TASK PROMPT
Repeat verbatim, and only, the lines of the data below, beginning at the line that contains "This 2-year-old child" and stopping after the line that contains "A gondola is".

MATERIAL TO PROCESS
• • •

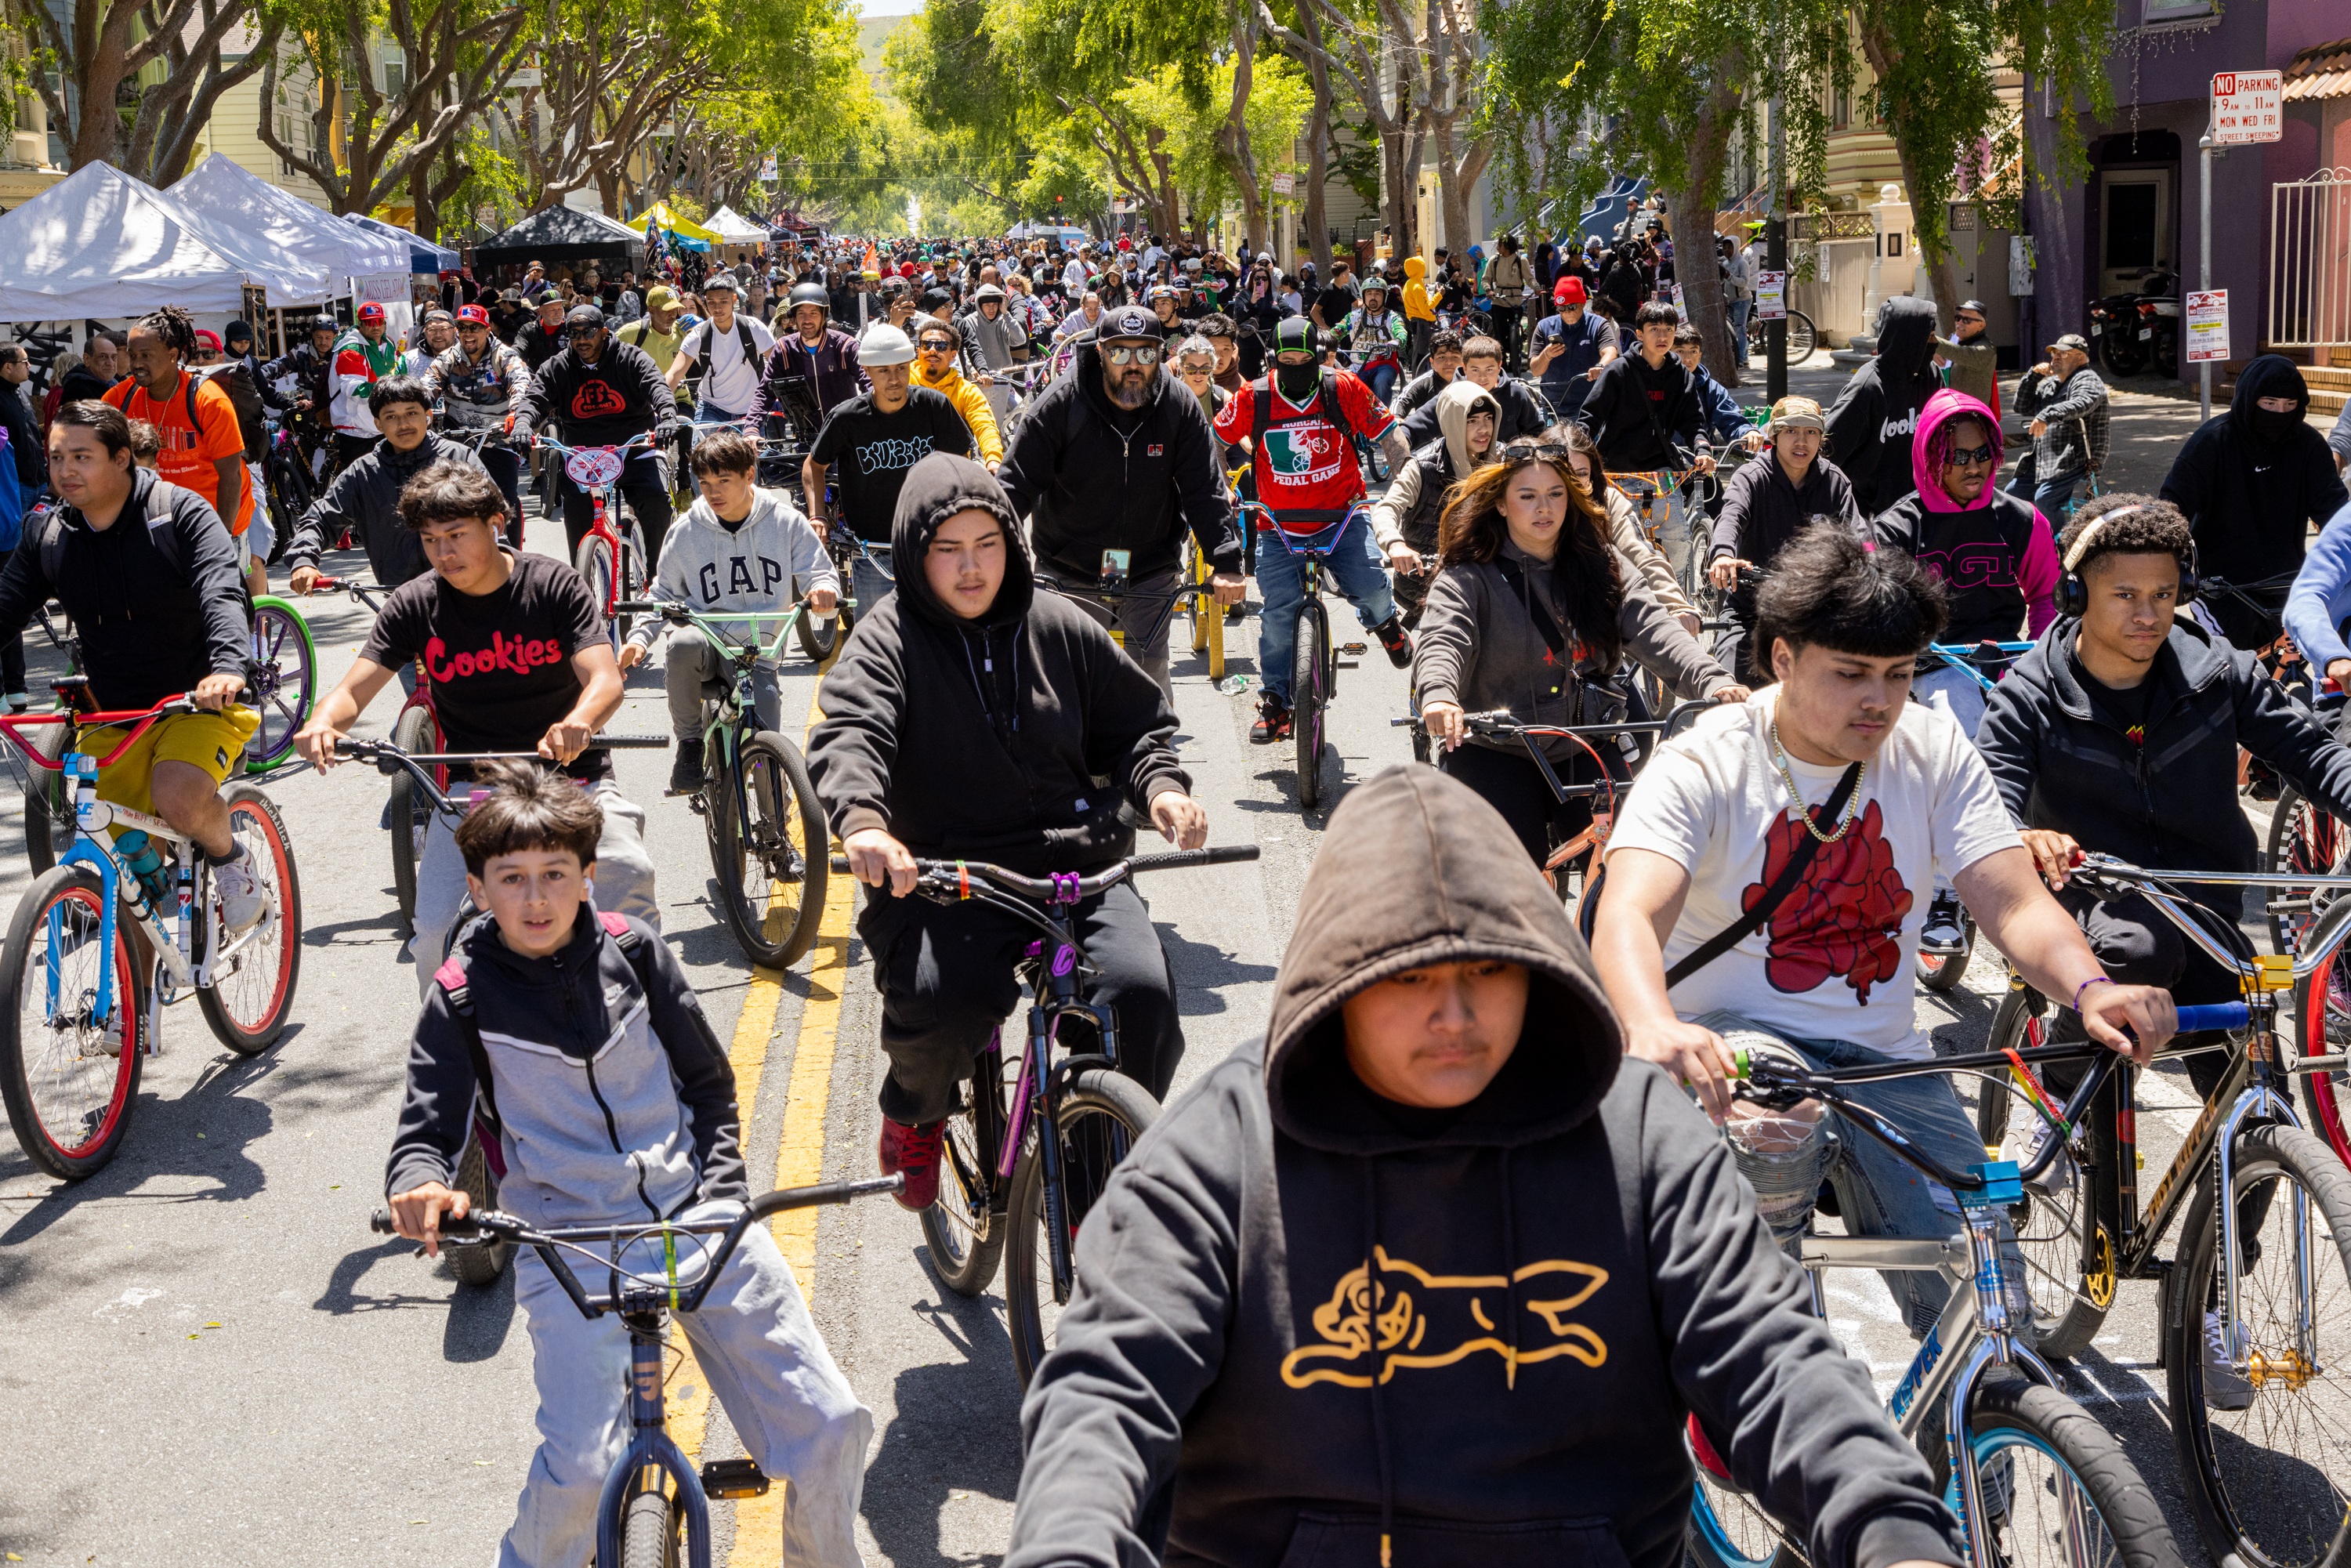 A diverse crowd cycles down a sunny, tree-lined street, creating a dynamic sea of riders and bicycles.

• • •

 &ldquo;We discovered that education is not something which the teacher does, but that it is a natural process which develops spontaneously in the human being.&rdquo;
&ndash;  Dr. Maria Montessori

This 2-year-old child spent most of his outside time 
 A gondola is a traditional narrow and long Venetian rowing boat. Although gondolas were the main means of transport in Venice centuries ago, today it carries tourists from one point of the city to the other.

• • •

SOLVED EXERCISE
This 2-year-old child spent most of his outside time 
 A gondola is a traditional narrow and long Venetian rowing boat. Although gondolas were the main means of transport in Venice centuries ago, today it carries tourists from one point of the city to the other.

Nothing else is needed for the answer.